## [Problem to work on]
An exact copy of the lines from the one containing "Ensemble de casseroles" through the final line of the records is the only acceptable answer.
#### Listed entries
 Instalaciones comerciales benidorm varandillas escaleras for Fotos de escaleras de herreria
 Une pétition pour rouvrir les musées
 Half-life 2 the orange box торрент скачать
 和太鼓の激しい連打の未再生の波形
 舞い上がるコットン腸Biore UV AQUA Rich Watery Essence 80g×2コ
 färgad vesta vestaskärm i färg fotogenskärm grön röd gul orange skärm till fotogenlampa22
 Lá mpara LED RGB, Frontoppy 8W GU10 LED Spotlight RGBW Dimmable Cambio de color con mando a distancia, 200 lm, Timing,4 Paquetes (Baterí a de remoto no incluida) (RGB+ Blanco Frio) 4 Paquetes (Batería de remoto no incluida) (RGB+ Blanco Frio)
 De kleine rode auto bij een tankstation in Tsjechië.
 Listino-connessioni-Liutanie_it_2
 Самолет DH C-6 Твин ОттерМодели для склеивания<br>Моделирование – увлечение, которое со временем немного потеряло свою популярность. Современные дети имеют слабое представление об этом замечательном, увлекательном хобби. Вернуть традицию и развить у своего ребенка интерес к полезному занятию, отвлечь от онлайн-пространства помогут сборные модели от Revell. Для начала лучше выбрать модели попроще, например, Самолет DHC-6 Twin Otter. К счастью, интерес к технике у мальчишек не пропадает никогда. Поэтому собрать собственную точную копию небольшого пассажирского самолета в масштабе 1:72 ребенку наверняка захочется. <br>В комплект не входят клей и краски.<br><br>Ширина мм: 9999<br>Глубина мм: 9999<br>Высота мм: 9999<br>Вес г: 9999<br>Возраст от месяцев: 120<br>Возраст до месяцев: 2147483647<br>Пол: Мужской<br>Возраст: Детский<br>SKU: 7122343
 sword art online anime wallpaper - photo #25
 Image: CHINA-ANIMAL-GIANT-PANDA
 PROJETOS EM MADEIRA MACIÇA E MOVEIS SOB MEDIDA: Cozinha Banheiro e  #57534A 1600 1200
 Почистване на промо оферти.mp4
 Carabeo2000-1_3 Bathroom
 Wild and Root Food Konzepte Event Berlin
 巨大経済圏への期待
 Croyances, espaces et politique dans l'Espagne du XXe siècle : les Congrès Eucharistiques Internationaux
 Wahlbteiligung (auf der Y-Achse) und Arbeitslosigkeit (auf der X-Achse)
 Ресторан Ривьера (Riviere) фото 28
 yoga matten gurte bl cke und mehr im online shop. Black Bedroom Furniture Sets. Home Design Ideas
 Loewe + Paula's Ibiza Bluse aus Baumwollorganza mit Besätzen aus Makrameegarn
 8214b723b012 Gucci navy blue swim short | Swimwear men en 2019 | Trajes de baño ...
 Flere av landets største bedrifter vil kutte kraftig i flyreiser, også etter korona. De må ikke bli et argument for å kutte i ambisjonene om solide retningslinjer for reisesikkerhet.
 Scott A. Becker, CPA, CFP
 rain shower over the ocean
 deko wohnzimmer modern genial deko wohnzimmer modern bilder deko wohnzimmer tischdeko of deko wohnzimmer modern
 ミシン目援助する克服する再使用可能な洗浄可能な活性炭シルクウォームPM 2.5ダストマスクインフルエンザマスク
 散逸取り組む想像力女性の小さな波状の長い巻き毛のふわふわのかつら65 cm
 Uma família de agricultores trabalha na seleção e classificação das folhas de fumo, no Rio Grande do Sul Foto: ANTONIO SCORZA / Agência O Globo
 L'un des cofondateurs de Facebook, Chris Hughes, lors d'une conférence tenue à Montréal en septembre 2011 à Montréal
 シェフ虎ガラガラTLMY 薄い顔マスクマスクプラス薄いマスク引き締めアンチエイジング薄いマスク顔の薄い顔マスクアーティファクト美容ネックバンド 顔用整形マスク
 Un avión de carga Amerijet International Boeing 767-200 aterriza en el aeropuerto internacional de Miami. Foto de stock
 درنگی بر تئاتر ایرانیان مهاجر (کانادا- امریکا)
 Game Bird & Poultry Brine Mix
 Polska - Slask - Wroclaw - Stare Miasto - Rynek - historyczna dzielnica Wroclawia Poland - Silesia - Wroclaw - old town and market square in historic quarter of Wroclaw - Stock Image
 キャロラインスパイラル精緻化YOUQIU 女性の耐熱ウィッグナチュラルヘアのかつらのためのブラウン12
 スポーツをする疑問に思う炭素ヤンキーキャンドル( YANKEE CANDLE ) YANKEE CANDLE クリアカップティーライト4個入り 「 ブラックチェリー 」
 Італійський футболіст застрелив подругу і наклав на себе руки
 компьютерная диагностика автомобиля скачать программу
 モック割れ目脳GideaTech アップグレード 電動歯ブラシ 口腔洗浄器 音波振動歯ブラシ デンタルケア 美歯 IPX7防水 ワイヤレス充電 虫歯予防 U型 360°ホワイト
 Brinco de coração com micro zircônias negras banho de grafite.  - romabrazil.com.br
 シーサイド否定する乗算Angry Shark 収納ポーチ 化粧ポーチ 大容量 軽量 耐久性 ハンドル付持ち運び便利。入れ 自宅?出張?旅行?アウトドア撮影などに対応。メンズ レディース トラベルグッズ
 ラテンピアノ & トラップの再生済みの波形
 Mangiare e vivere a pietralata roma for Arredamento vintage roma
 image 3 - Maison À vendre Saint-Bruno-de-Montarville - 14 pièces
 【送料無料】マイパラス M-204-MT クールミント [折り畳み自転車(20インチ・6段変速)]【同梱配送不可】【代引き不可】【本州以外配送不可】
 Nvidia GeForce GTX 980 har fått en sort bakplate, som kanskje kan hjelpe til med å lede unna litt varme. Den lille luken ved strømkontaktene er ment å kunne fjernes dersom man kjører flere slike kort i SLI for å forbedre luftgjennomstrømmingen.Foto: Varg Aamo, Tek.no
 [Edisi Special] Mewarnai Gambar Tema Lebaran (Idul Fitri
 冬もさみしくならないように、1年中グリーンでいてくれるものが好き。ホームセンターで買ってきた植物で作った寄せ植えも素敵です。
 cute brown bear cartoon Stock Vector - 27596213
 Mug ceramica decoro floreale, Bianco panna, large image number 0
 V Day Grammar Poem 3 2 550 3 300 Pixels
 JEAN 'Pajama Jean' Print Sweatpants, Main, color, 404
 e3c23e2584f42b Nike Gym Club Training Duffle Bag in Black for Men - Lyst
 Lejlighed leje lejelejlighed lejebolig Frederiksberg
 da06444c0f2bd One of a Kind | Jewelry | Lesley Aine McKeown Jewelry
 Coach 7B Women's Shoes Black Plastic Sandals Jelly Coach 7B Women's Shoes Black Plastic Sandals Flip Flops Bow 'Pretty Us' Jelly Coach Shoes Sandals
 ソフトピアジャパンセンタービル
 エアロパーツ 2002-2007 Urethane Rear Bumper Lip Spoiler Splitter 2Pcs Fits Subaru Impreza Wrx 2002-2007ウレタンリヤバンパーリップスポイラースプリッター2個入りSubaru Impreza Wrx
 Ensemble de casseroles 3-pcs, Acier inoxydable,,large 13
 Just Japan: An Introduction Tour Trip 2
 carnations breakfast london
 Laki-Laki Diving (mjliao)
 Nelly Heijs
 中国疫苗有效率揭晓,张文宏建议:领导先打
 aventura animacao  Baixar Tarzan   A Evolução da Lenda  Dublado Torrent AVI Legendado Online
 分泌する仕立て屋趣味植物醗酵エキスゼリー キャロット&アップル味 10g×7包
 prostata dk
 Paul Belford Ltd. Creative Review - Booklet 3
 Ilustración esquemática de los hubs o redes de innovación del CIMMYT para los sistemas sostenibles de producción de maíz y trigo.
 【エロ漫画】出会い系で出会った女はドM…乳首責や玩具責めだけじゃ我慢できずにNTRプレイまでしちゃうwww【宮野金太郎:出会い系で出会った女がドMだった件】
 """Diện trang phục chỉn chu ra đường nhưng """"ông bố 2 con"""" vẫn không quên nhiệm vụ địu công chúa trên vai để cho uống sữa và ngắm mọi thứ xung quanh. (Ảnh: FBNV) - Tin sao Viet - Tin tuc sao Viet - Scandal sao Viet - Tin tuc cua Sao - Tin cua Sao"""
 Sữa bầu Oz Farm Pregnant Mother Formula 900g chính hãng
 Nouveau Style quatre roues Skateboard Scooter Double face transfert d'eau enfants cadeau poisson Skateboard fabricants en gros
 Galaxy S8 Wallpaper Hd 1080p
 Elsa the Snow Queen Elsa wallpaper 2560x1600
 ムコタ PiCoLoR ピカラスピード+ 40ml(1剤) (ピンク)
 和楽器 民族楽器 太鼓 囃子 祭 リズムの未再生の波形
########
## [Exercise answer]
 Ensemble de casseroles 3-pcs, Acier inoxydable,,large 13
 Just Japan: An Introduction Tour Trip 2
 carnations breakfast london
 Laki-Laki Diving (mjliao)
 Nelly Heijs
 中国疫苗有效率揭晓,张文宏建议:领导先打
 aventura animacao  Baixar Tarzan   A Evolução da Lenda  Dublado Torrent AVI Legendado Online
 分泌する仕立て屋趣味植物醗酵エキスゼリー キャロット&アップル味 10g×7包
 prostata dk
 Paul Belford Ltd. Creative Review - Booklet 3
 Ilustración esquemática de los hubs o redes de innovación del CIMMYT para los sistemas sostenibles de producción de maíz y trigo.
 【エロ漫画】出会い系で出会った女はドM…乳首責や玩具責めだけじゃ我慢できずにNTRプレイまでしちゃうwww【宮野金太郎:出会い系で出会った女がドMだった件】
 """Diện trang phục chỉn chu ra đường nhưng """"ông bố 2 con"""" vẫn không quên nhiệm vụ địu công chúa trên vai để cho uống sữa và ngắm mọi thứ xung quanh. (Ảnh: FBNV) - Tin sao Viet - Tin tuc sao Viet - Scandal sao Viet - Tin tuc cua Sao - Tin cua Sao"""
 Sữa bầu Oz Farm Pregnant Mother Formula 900g chính hãng
 Nouveau Style quatre roues Skateboard Scooter Double face transfert d'eau enfants cadeau poisson Skateboard fabricants en gros
 Galaxy S8 Wallpaper Hd 1080p
 Elsa the Snow Queen Elsa wallpaper 2560x1600
 ムコタ PiCoLoR ピカラスピード+ 40ml(1剤) (ピンク)
 和楽器 民族楽器 太鼓 囃子 祭 リズムの未再生の波形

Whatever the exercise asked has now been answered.